Первым этапом стало возведение Госпрома / Держпрома по проекту Сергея Серафимова, Самуиула Кравеца и Марка Фелгера, начавшееся в 1925 году. Это бескомпромиссный и мощный модернизм, в основе которого – простые, строгие формы из стекла и бетона; широкие окна и разбивка на составные части не позволяют воспринимать комплекс как цитадель тоталитаризма. Три части здания соединены пролетами на разных уровнях от четвертого этажа до восьмого (источником, помимо чистого вдохновения, возможно, послужили уже реализованные проекты, например Ригли-билдинг в Чикаго). В самом высоком из связанных между собой «небоскребов» двенадцать этажей. Единственный элемент этого, в целом намеренно лишенного иерархии ансамбля – противоречащий постулатам теоретиков конструктивизма симметричный центральный вход, напоминающий чуть ли не лишенную декоративных элементов арку из стекла и бетона. Однако многоуровневый силуэт и мягкие изгибы круглой площади подразумевают, что центра у здания как будто и нет, как нет и очевидного «значения», хотя причудливая легенда гласит, что с высоты птичьего полета здание должно смотреться, как первый такт Интернационала.

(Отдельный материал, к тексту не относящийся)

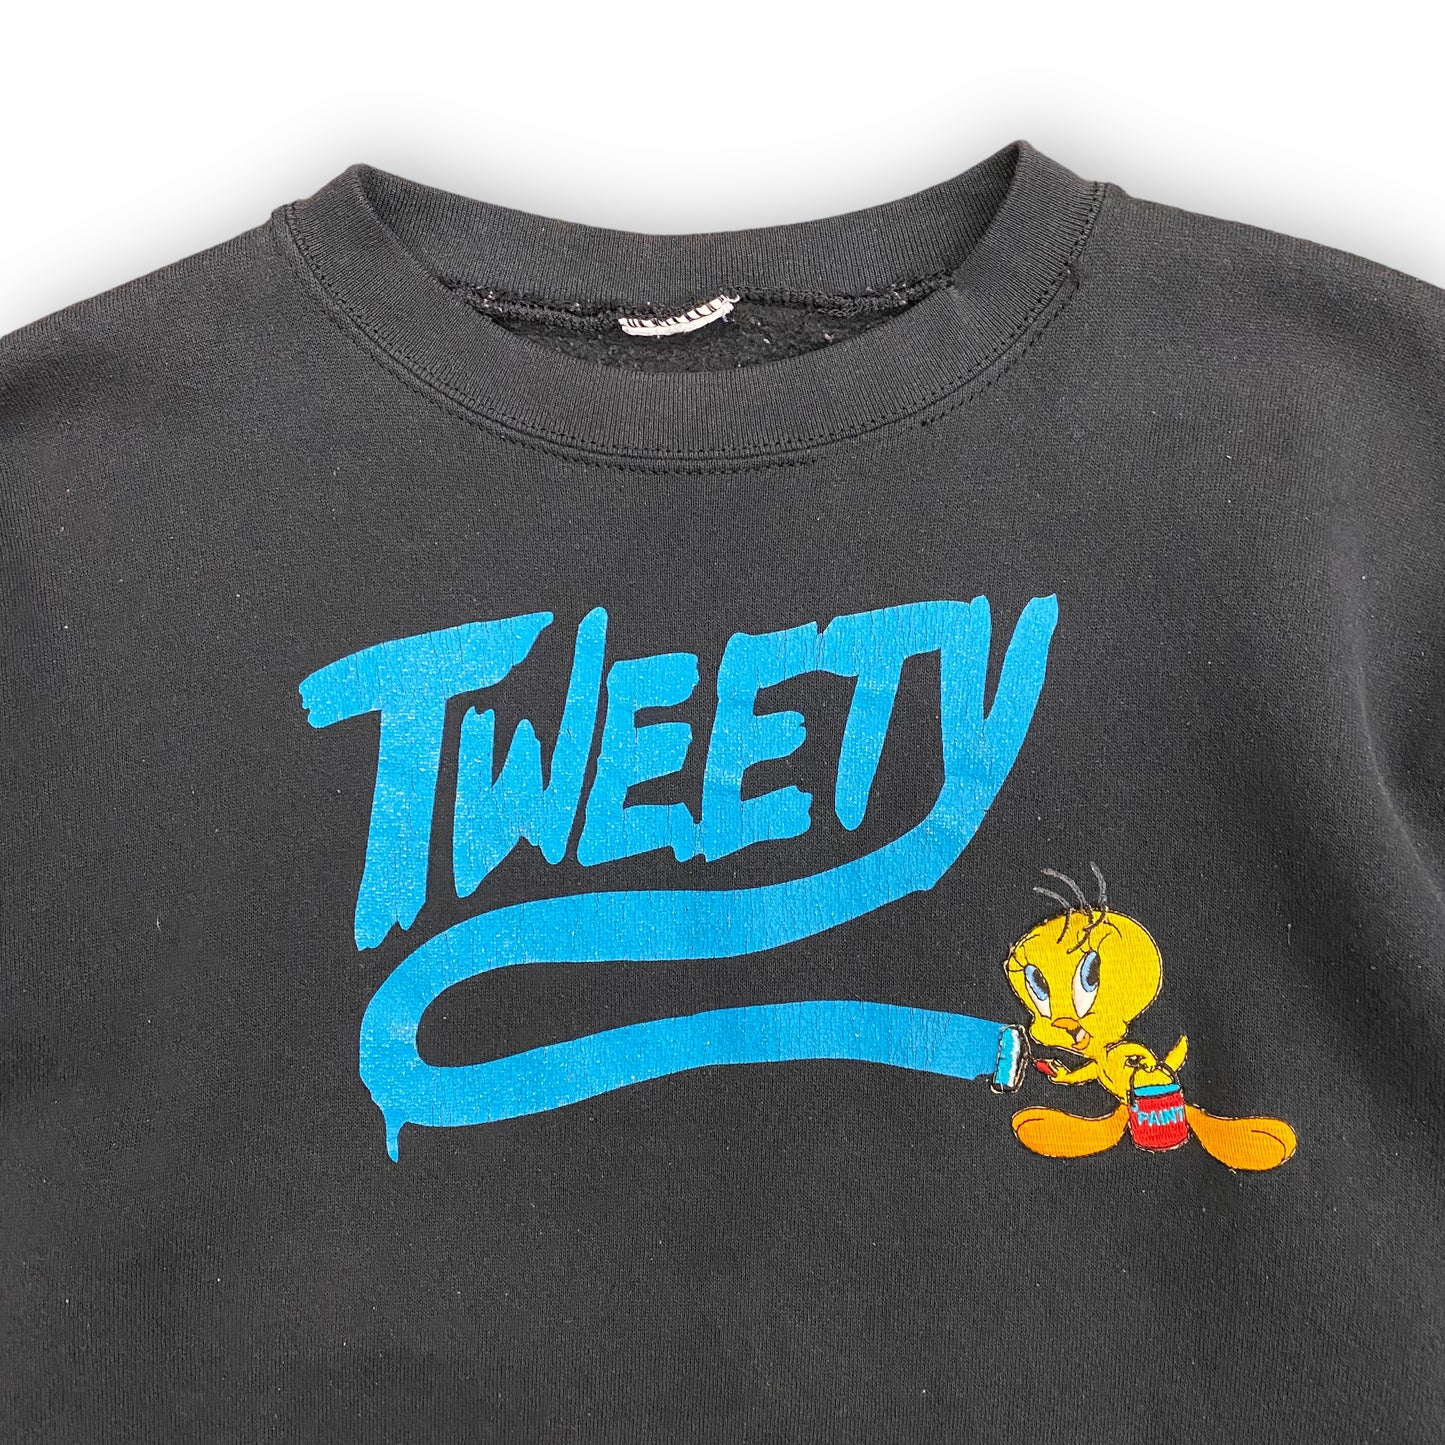 Vintage 1990s Tweety Looney Tunes Embroidered Crewneck - Size Medium
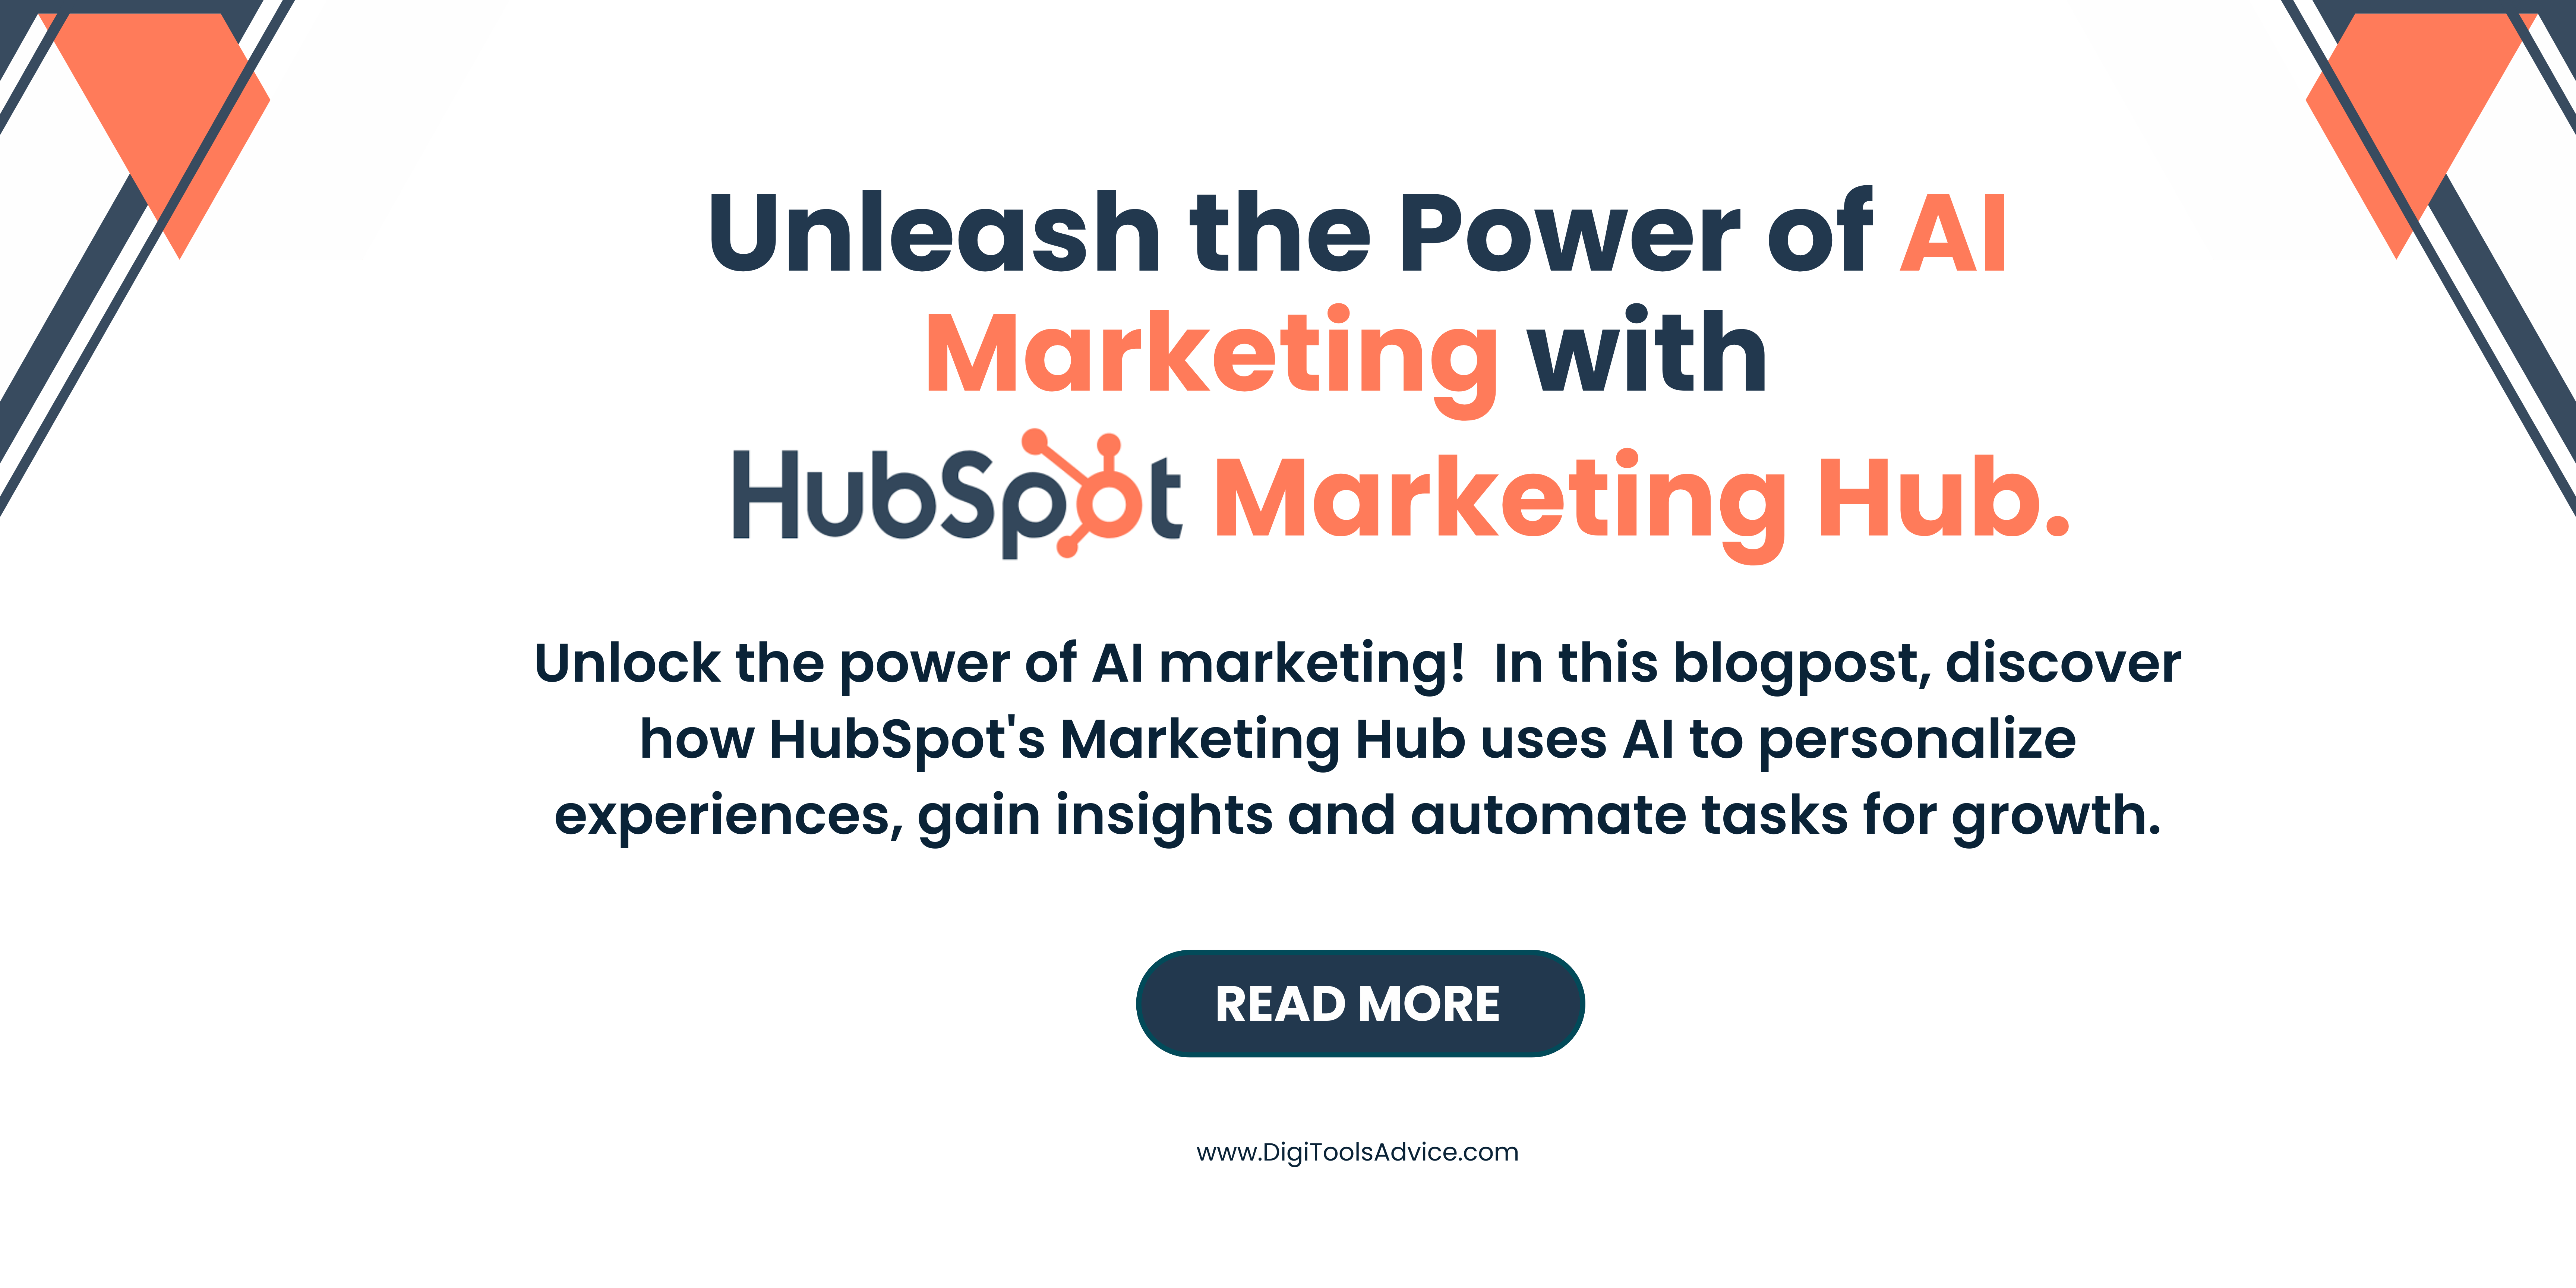 Unleash the Power of AI Marketing with HubSpot's Marketing Hub.

Вторую мировую Госпром пережил нетронутым, несмотря на несколько попыток взорвать здание. Не справившись, фашисты стали держать в башнях животных. Позднее площадь много претерпела от суровых перипетий истории Харькова. Вторая и третья части комплекса, построенные в том же стиле, были исковерканы тяжеловесной кирпичной кладкой, закрывшей широкие окна; к ровным бетонным поверхностям приладили декоративные элементы. Их силуэт и план по-прежнему далеки от классицизма, а вот когда-то модернистский Обком КПСС в конце площади был полностью перестроен в имперском сталинском стиле и стал совершенно неузнаваем. После войны площадь должен был дополнить последний штрих – многоступенчатая готическая башня, небоскреб, теперь уже в натуральную американскую величину, похожий на московских «семерых сестер» или варшавский Дворец культуры и науки. Небоскреб так и не построили, хотя его изображение на гигантском полотне, украшающем харьковский вокзал, служит фоном для многих героических свершений. Установленная в 1950-х на самой высокой башне Госпрома телекоммуникационная вышка стала менее затратным вариантом устройства центральной точки; а не так давно на плоских крышах появились неоновые вывески и подсветка; учитывая, что и то и другое было предусмотрено по проекту еще в 1920-х, сожалеть об этом не приходится.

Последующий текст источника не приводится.